If anyone George is the man to keep it perfect!!


----------



## Ray (8 Feb 2009)

I like that a lot George, very crisp, follows on from English Summer nicely in terms of your current style, I think you could frame them both and hang them next to one another.  I also like to see the settings you used to take the photo - thank you.  This is your Easy Carbo only scape, right?  Makes me want to trade my CO2 regulator in for a dosing pump.  I'm looking forward to the eventual unveiling of your discus tank more than ever...

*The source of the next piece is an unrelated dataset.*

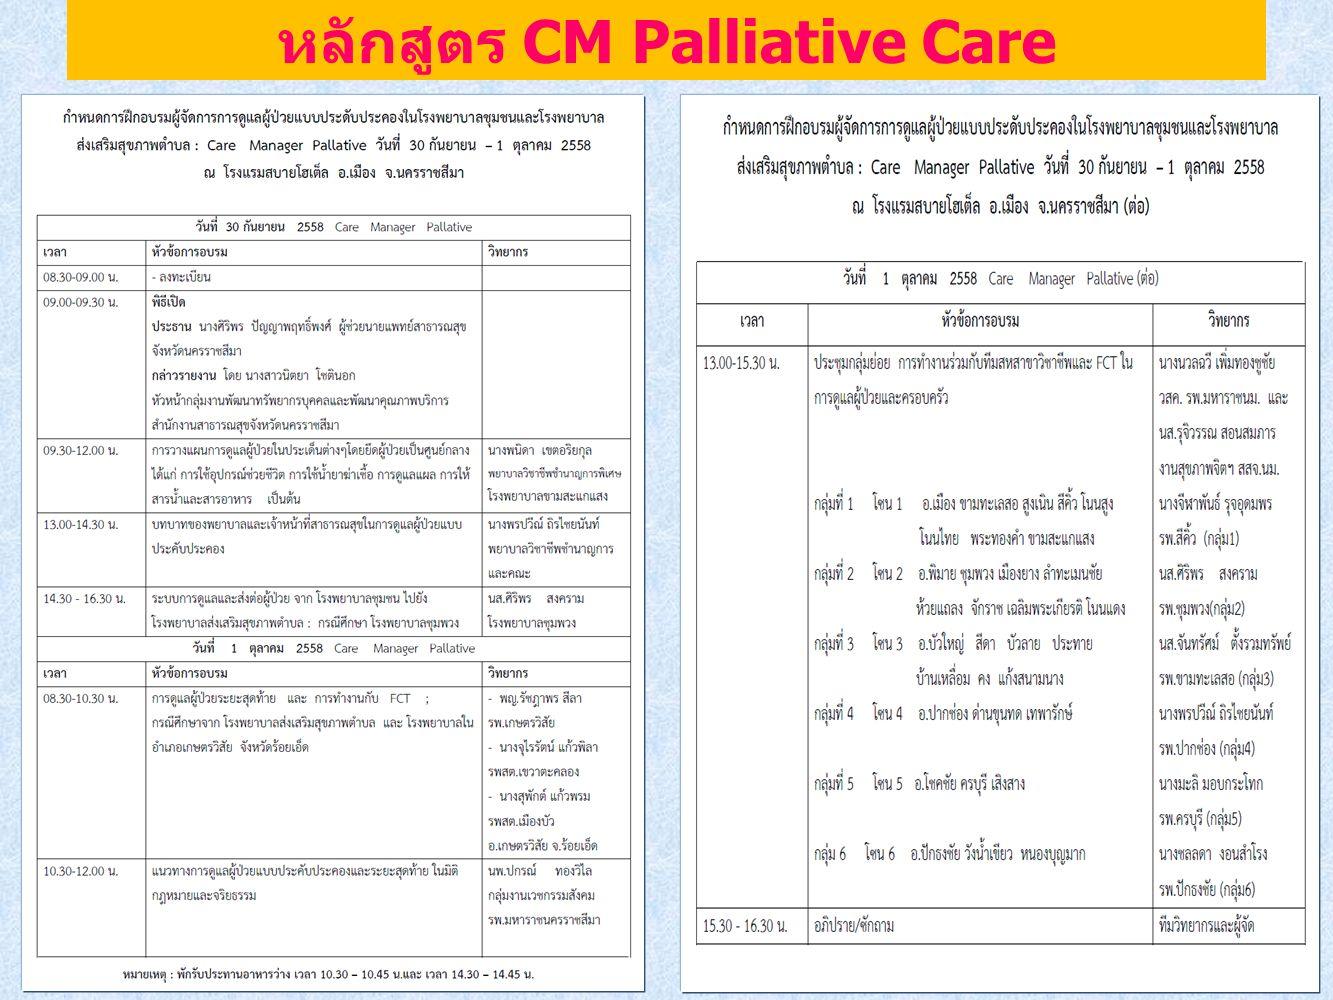 หลักสูตร CM Palliative Care

Please tell me - whats the brown crypt back right - it looks like the one in my tank I that was labeled "Mi Oya" but everyone keeps telling me is not?


----------



## Mark Evans (8 Feb 2009)

Ray said:
			
		

> I'm looking forward to the eventual unveiling of your discus tank more than ever...



i've seen it   ooo baby!

IT'S RIGHT NEXT TO YOU MARK!.....

a perfectly scape 60cm?........i hardly noticed the tank, while i had me nose in NA book2 and a cup of tea at hand


----------



## George Farmer (8 Feb 2009)

aaronnorth said:
			
		

> scottturnbull said:
> 
> 
> 
> ...


Thanks, Aaron.



			
				Ray said:
			
		

> I like that a lot George, very crisp, follows on from English Summer nicely in terms of your current style, I think you could frame them both and hang them next to one another.  I also like to see the settings you used to take the photo - thank you.  This is your Easy Carbo only scape, right?  Makes me want to trade my CO2 regulator in for a dosing pump.  I'm looking forward to the eventual unveiling of your discus tank more than ever...
> 
> Please tell me - whats the brown crypt back right - it looks like the one in my tank I that was labeled "Mi Oya" but everyone keeps telling me is not?


Thanks, Ray.  

It was Easycarbo only but I suffered from a minor algae bloom, mainly staghorn.  I put it down to lack of water changes and neglecting dosing.  Basically I was lazy.  Tut tut!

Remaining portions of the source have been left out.